Collected data:
○ ○ ○

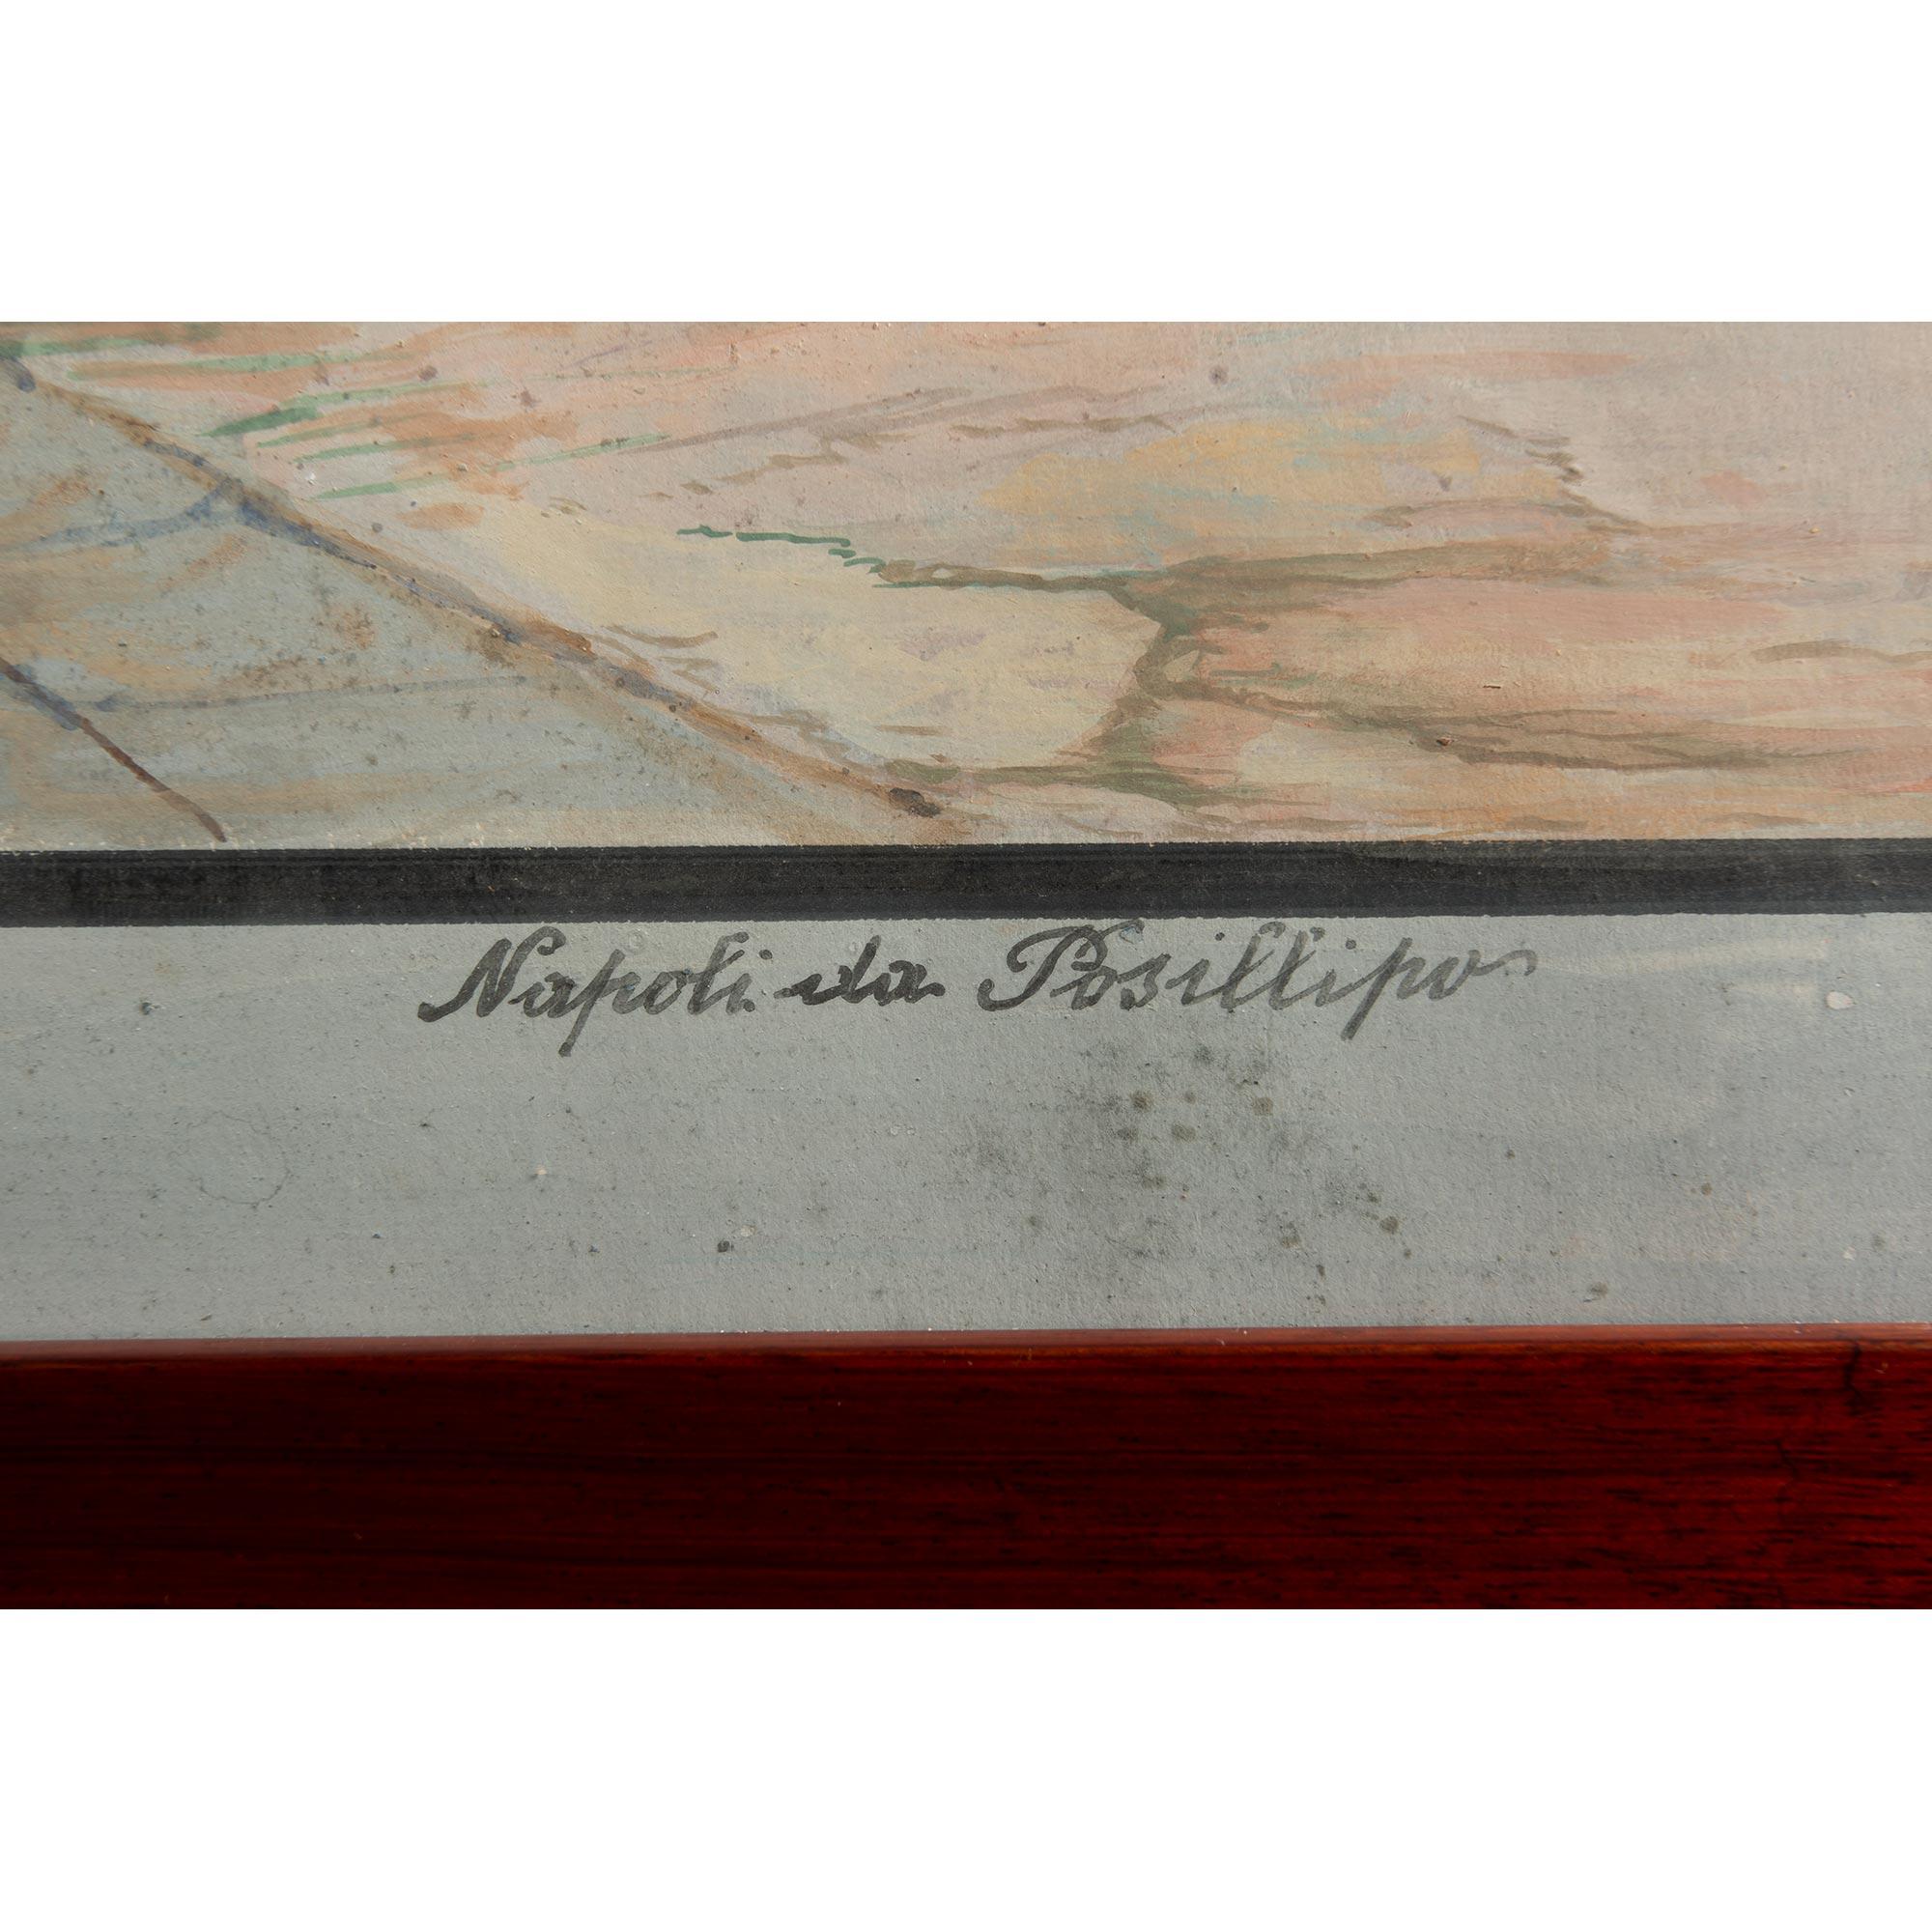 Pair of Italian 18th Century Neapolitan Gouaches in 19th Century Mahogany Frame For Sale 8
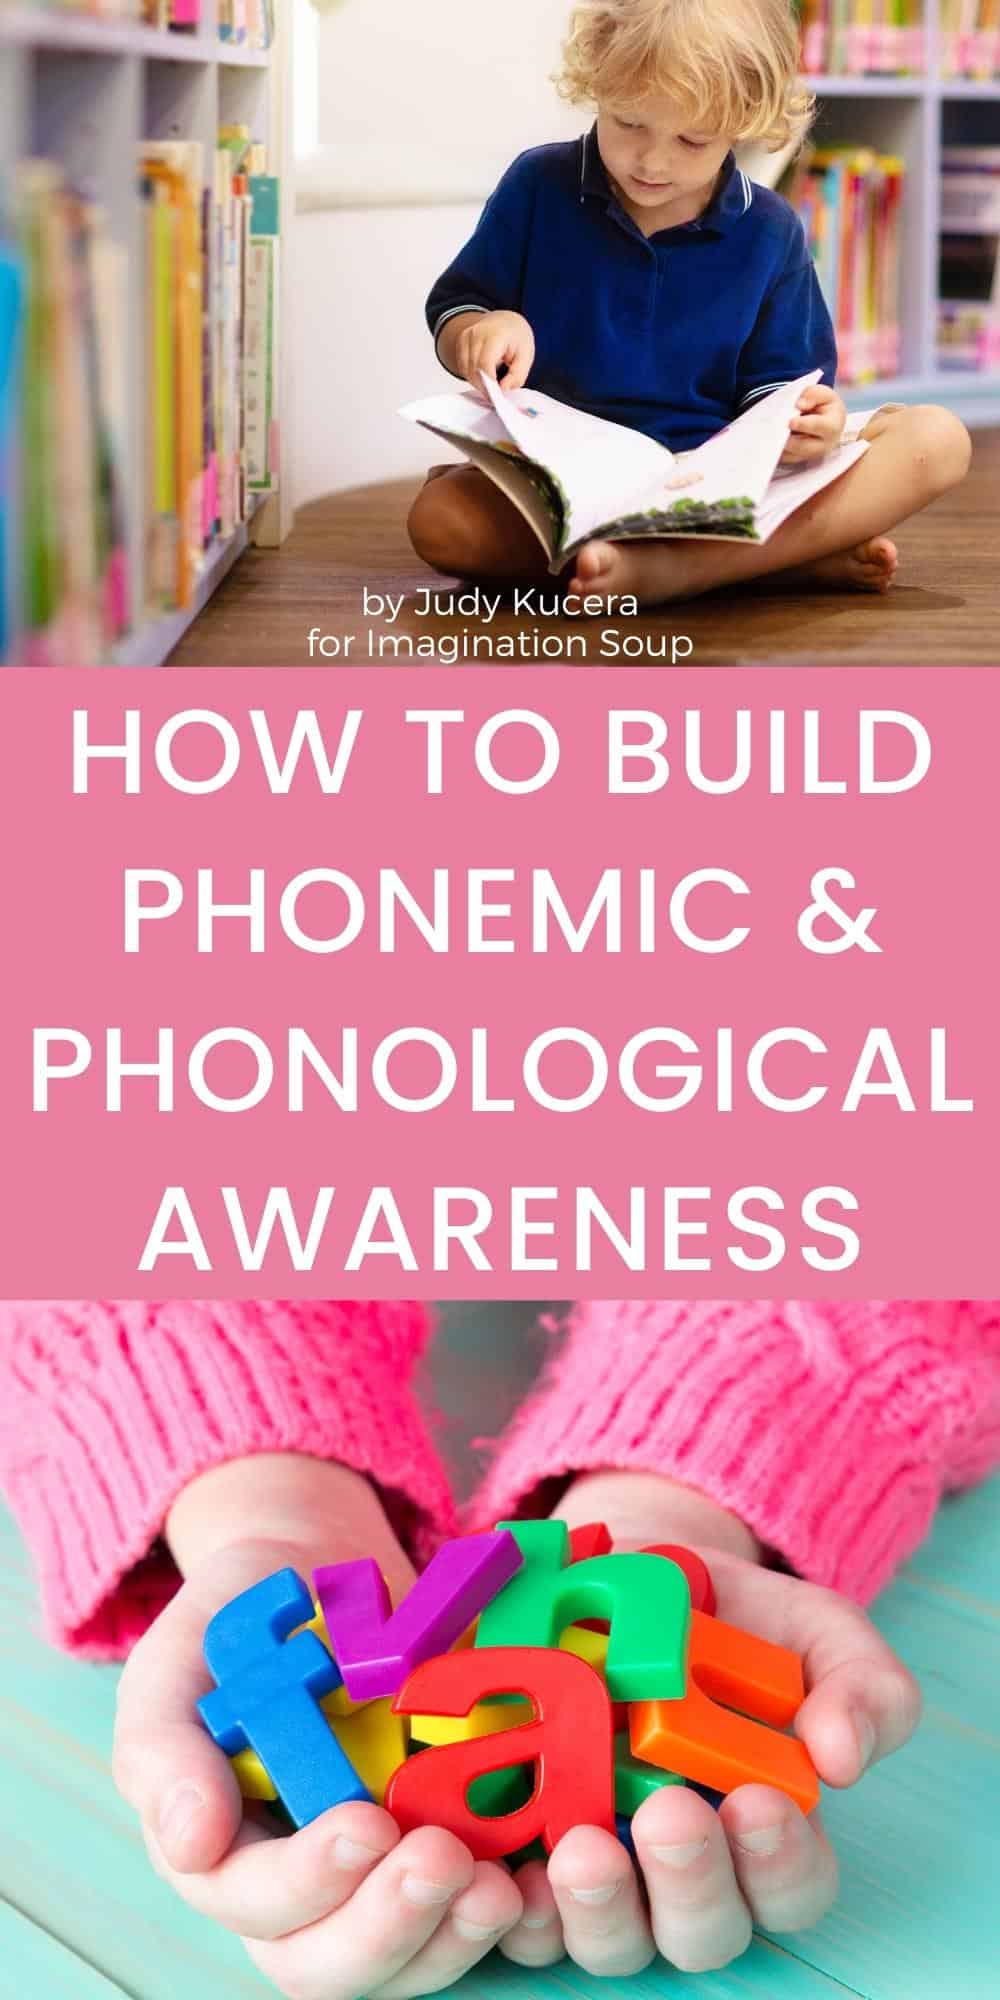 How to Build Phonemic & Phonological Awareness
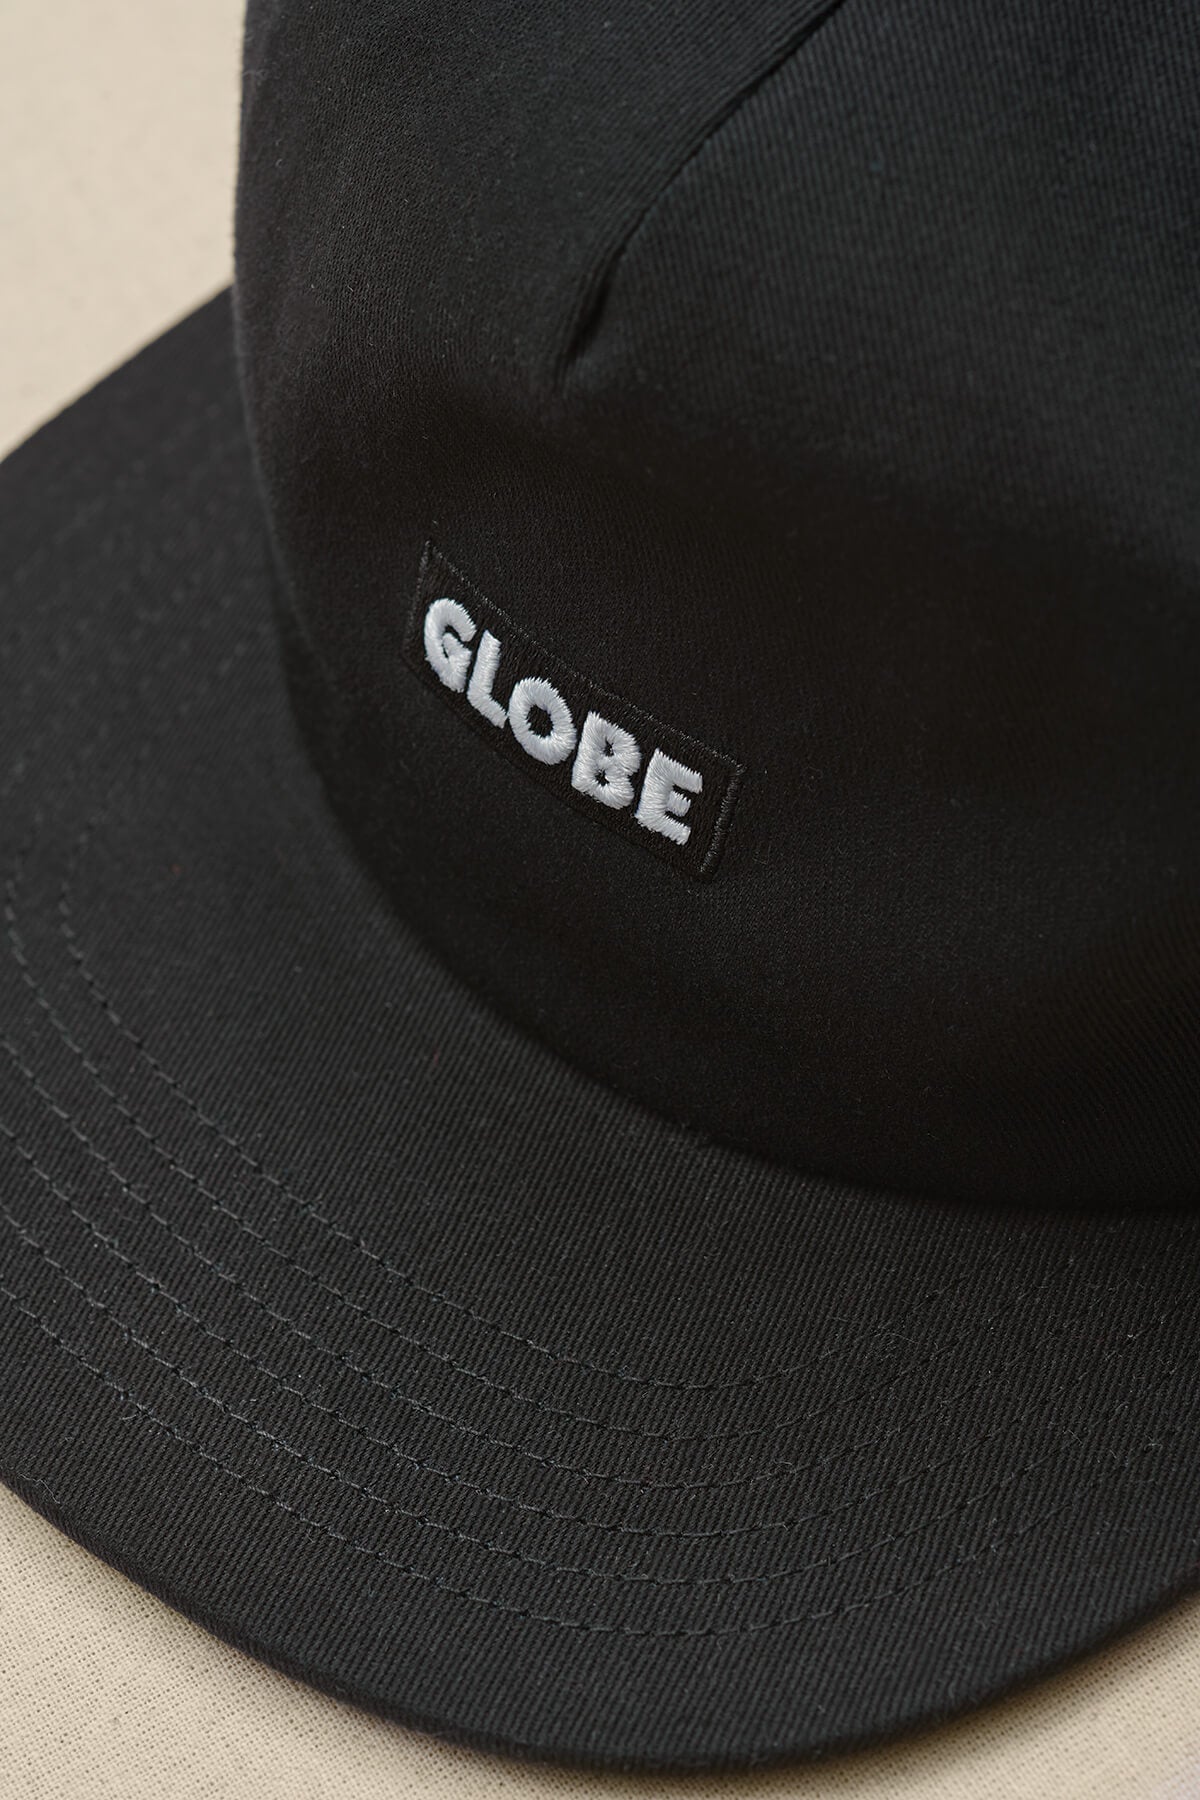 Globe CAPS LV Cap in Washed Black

○ ○ ○

Work required: Apart from the pictures, every line of the material above is to be returned word for word.

Output for this exercise:
 Pair of Italian 18th Century Neapolitan Gouaches in 19th Century Mahogany Frame For Sale 8
 How to Build Phonemic & Phonological Awareness
 Globe CAPS LV Cap in Washed Black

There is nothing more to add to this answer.